Part of the Terriers’ second half game plan was a result of the fact that the Bison defense was unrelenting. “I thought they did a nice job of changing up their defense,” Ayers remarked. “They had a great plan. When they felt like we would be in a pass scenario, they blitzed the gaps and created some problems for us.”
The Herd limited Wofford to 134 rushing yards, a departure from their average of 254 per game and a stark contrast to the 291 they rolled up against Furman a week ago.
Central to this success were Cox and Grimsley. The duo combined for nine tackles and their fumble recoveries proved to be the ultimate dagger.
“They fly to the ball really well. They’ve got great team speed. When you’ve got good players and a good scheme, you’re a pretty good team,” Wofford quarterback Brandon Goodson commented.
Goodson experienced Cox’s speed first hand. The Kansas City, Missouri product tallied two quarterback hurries on the Terriers’ passer, in the first and third quarter. His third quarter hurry was followed up by a six yard tackle for loss after Pederson’s blocked field goal attempt gave Wofford a spark. Thanks to Cox, the drive ended in a three and out.
“We put him to the field. He’s a long athletic guy that can really run, and he is hard to cut down,” Klieman said of Cox. “I thought he was really good.”

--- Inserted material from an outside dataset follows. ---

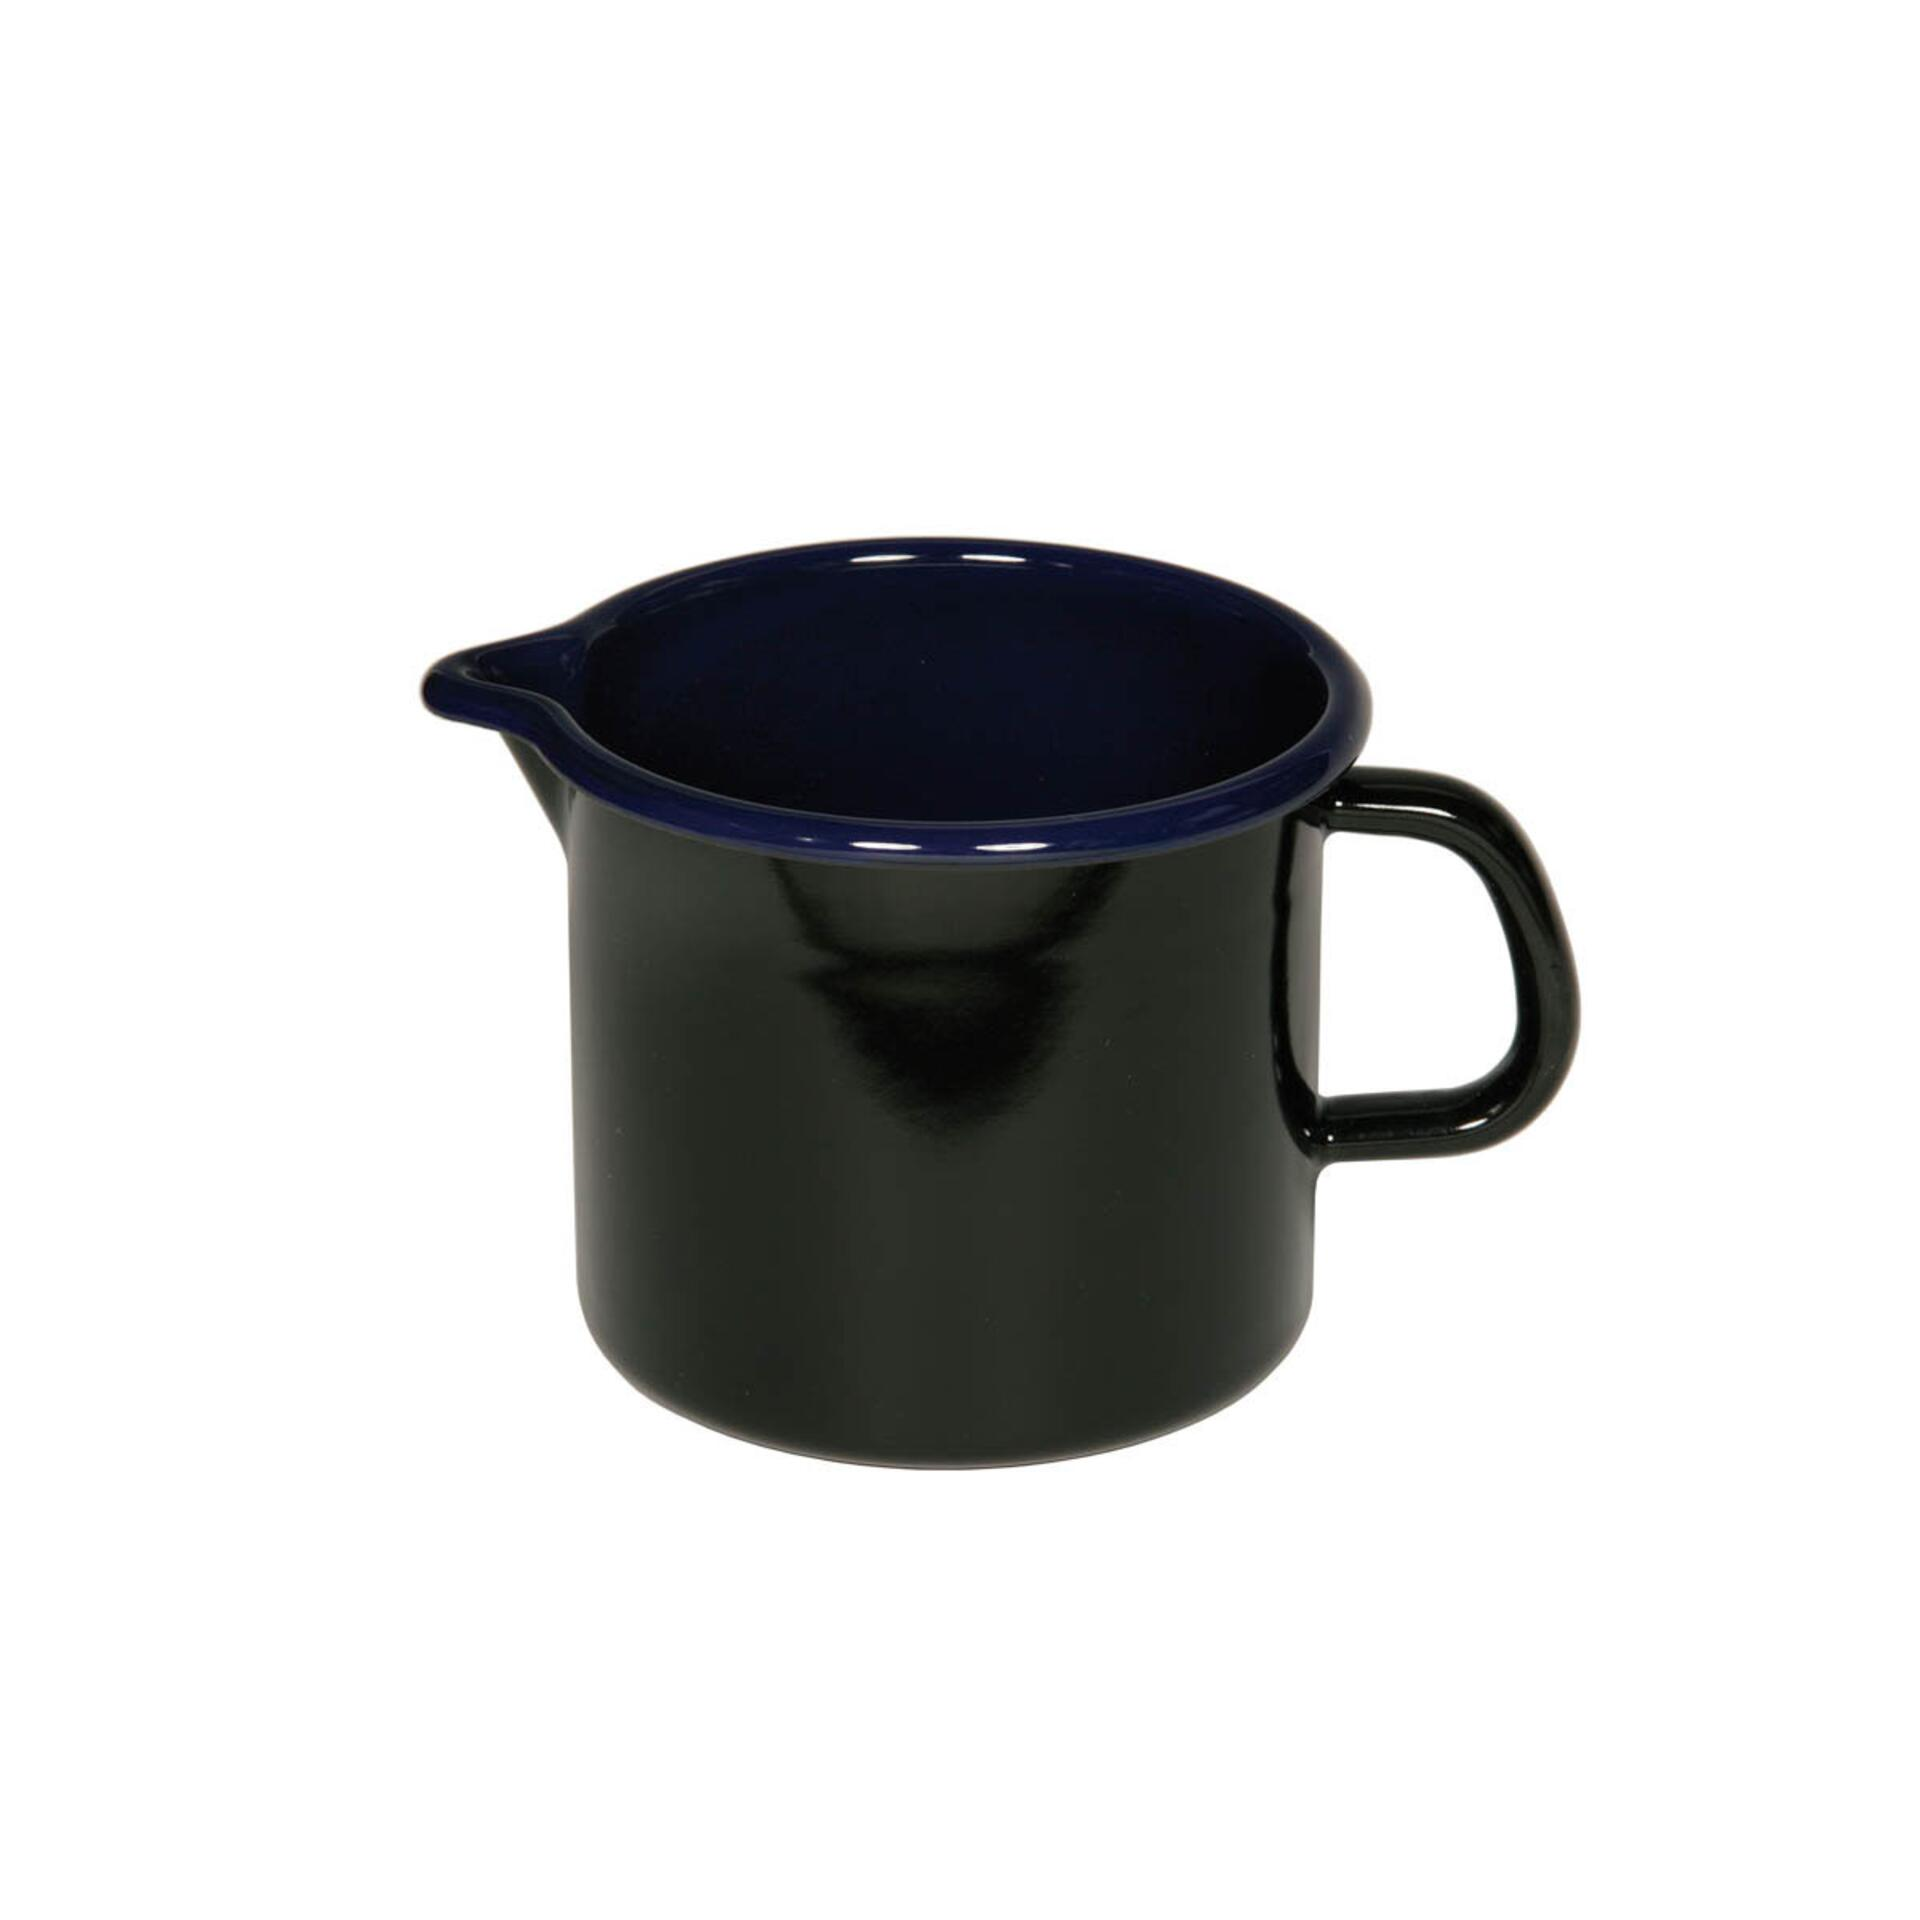 Riess Schnabeltopf 1,7 l Schwarz/blau

The two were the focal points of a tremendous effort on the part of the Bison. NDSU limited the Terriers to 177 yards, half of their average of their average of 361.8 per game prior. Wofford’s ten points matched a season low, which happened in their final regular season game against FBS South Carolina.
Essential to the Herd’s dominance was their ability to control the pace and direction of the game, as Grimsley explained afterwards. “Once we got used to (the triple option) we were kind of able to dictate the speed of the game a little bit, and that helps when you try to make open field tackles. You can slow them down and help guys rally to the ball.”
Above all, NDSU played exceptional team defense, with 19 players recording at least one tackle to silence an offense that had averaged 27 points per game. “Everybody did their part,” Cox elaborated. “I know a lot of times the ball is not going to come to you, but if you do you part, everything will come to fruition.”
NDSU will have their work cut out for them on the defensive side of the ball once more in next weekend’s semifinal against Sam Houston State’s spread offense, which averages 45.6 points per game.